Human Culture on Consumerism

In the article, “Your Lifestyle has Already been Designed,” the author, David Cain, argues that the culture of consumerism has been created specifically to entrap people in buying things they do not need for a comfortable life. The requirement to work for 8 hours a day from 9 A.M. to 5 P.M. is not by default, but by design so that people could have less time to engage in meaningful and fulfilling activities such as self-development and reconnecting with nature. Therefore, people resort to convenience gratification as a way of buying relief from their depressing lives.

The author argues that the work that people accomplish in 8 hours could be done in 3 hours. Therefore, when people remain at their workplaces until 5 P.M., they are trading their time with big corporations that make profits when the public is lost in the purchase-happy culture. Cain claims that the Western economy has been designed around addiction, insatiable gratification, and useless spending. If people stopped spending unnecessarily, the trillion-dollar economy would collapse. This economy depends on a culture of obesity, corruption, pollution, and depression among other unhealthy issues that keep the public ensnared in these unending spending habits.
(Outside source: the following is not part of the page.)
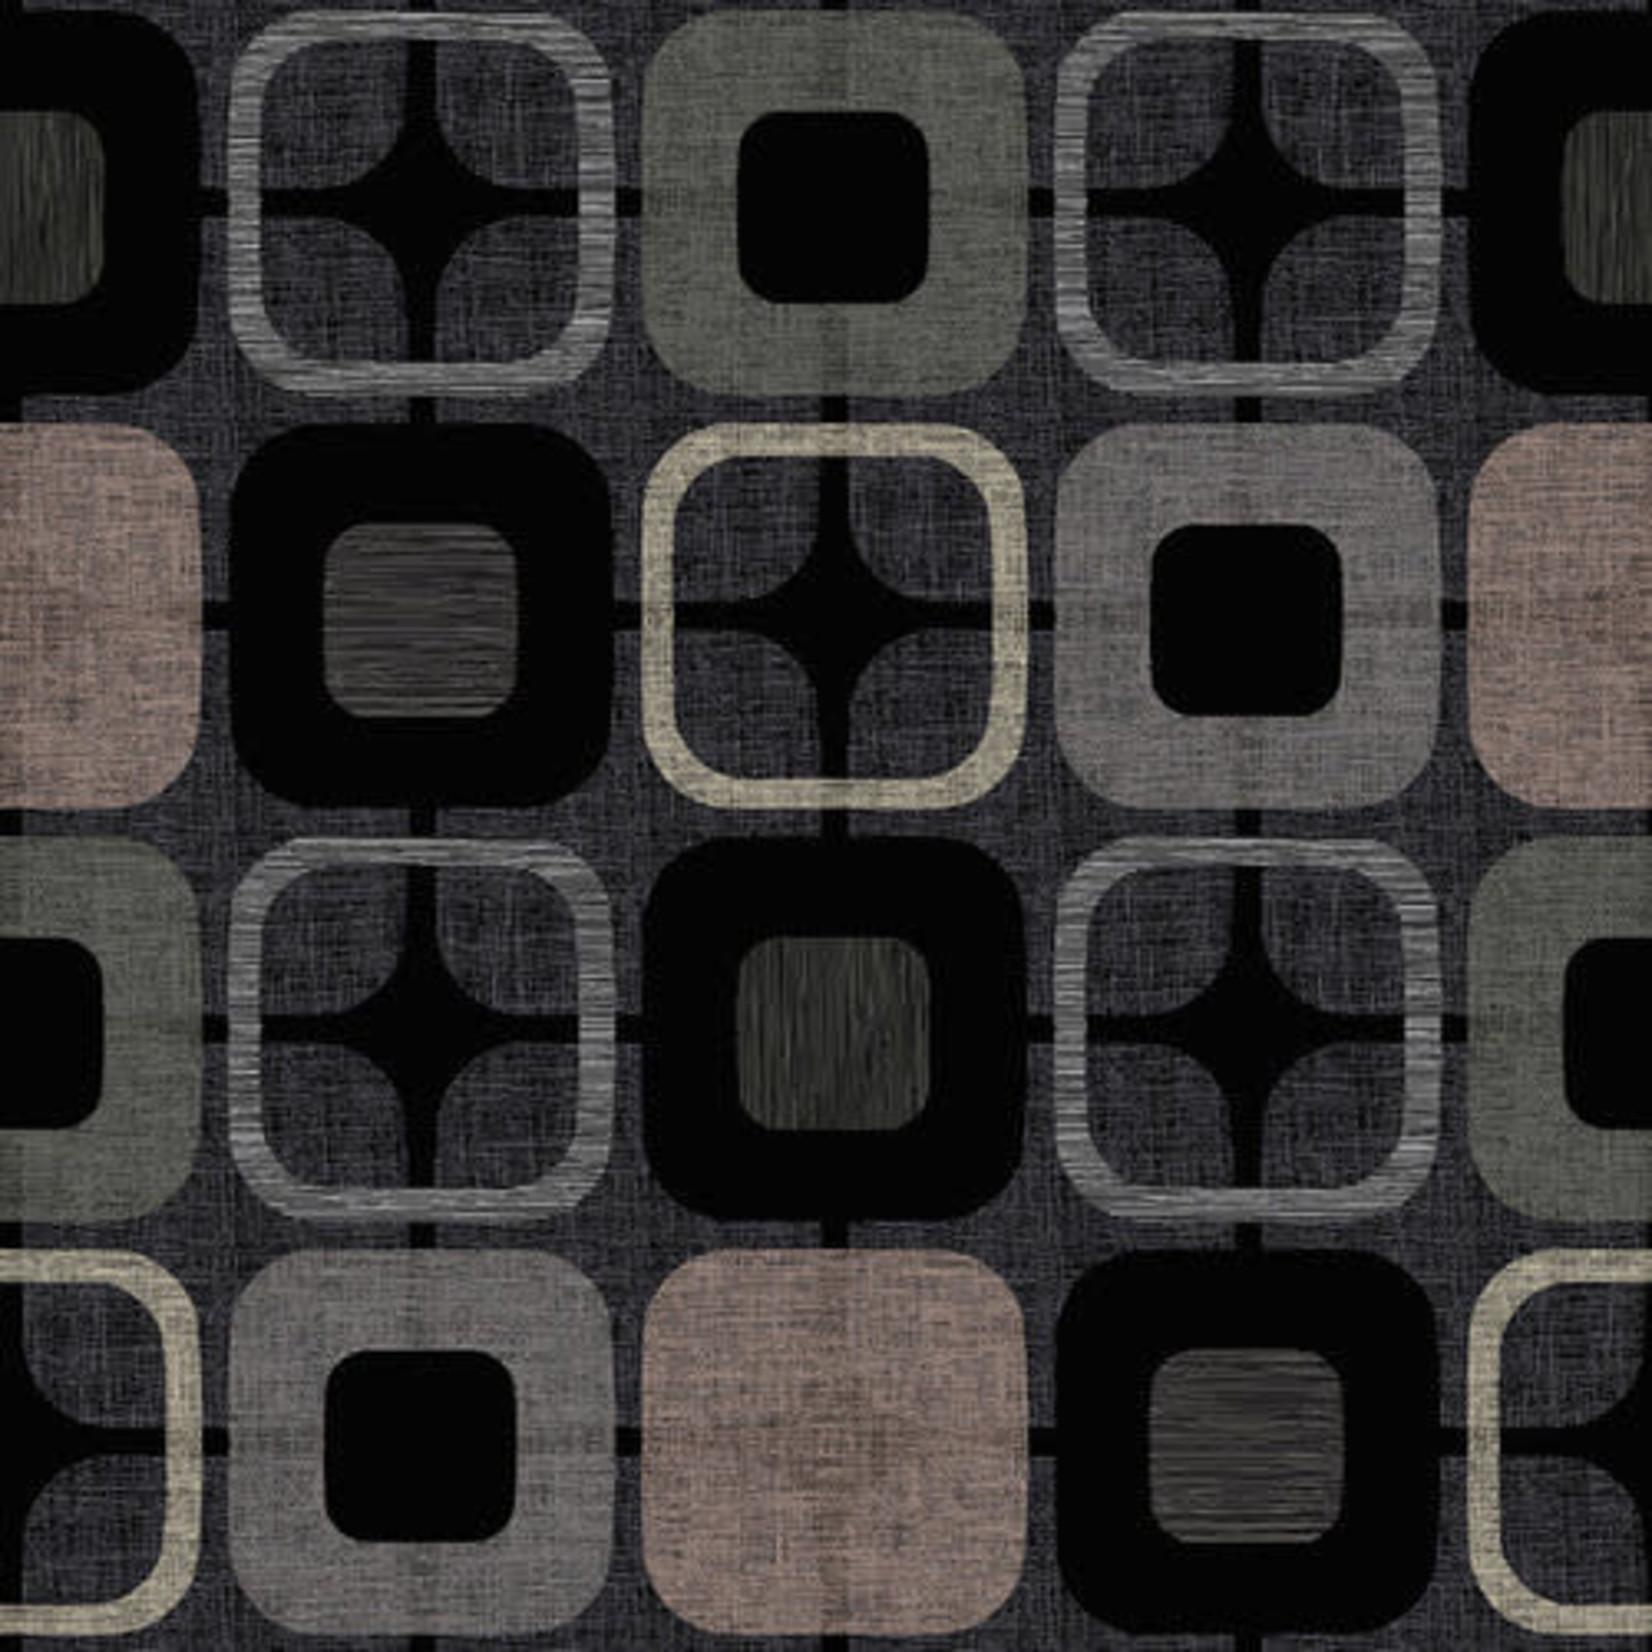 Blank Quilting Geo Square - Black

Cain uses Parkinson’s law, which says that work will expand or shrink to fit into the allocated time, to explain the culture of consumerism. Given that people do not have enough time outside their workplaces, they spend exceedingly whenever they get a chance. According to the author, a cultural climate in developed countries would be defined as a socio-economic construct created by big corporations to promote consumerism among people.
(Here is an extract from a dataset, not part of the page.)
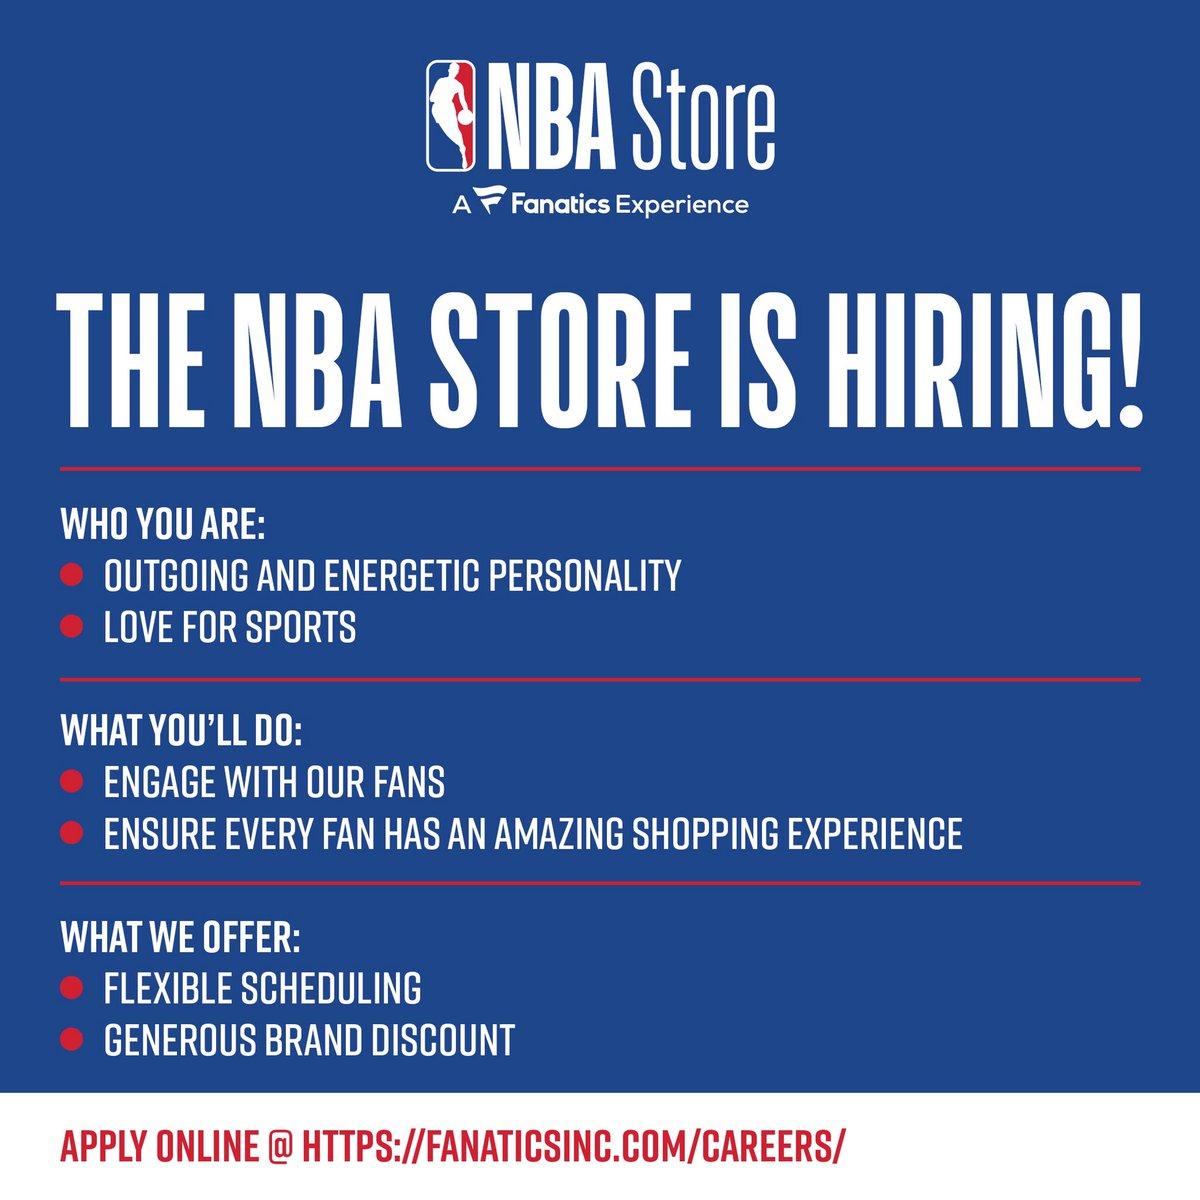 We are hiring! Apply Online @ fanaticsinc.com/careers/

The culture of consumerism helps to create humans that are dissatisfied but hopeful people, who are normally uninterested in any meaningful personal development ventures. Such individuals are habitual television watchers, they work full-time, earn good money, indulge in the evening and on weekends, and they are barely getting by (Cain). When people are engulfed by a consumer lifestyle, they become politically involved as a way of influencing market-based institutions to effect social change. For instance, the public would oppose certain politically instigated tax reforms if they affected people’s spending habits.

Consumerism is as problematic as suggested by critical theories on the subject. People buy things that add no value to their lives. According to Cain, this behavior is caused by having an unhealthy population. Healthy people do not have the urge to acquire more for their lives to become complete. They are contented and happy with life, and thus they can survive without buying junk or spending their time watching television where they are exposed to unnecessary commercial advertisements.

One indicator of the critical levels of consumerism is the number of useless things that people have bought in the past years. This problematic consumerism supports the economy, which is currently flourishing because people are spending more than ever.

This article is related to the textbook content on public opinion and political culture in America. It complements what is discussed in the textbook by insisting that people are influenced to make certain decisions, whether in political or socio-economic matters. The culture that people propagate is not of their creation – it has been designed in a certain way to favor the main political parties and big corporations. In other words, people’s lifestyles have already been designed to take a certain course.

Work Cited

Cain, David. “Your Lifestyle has Already been Designed.Raptitude, 2014. Web.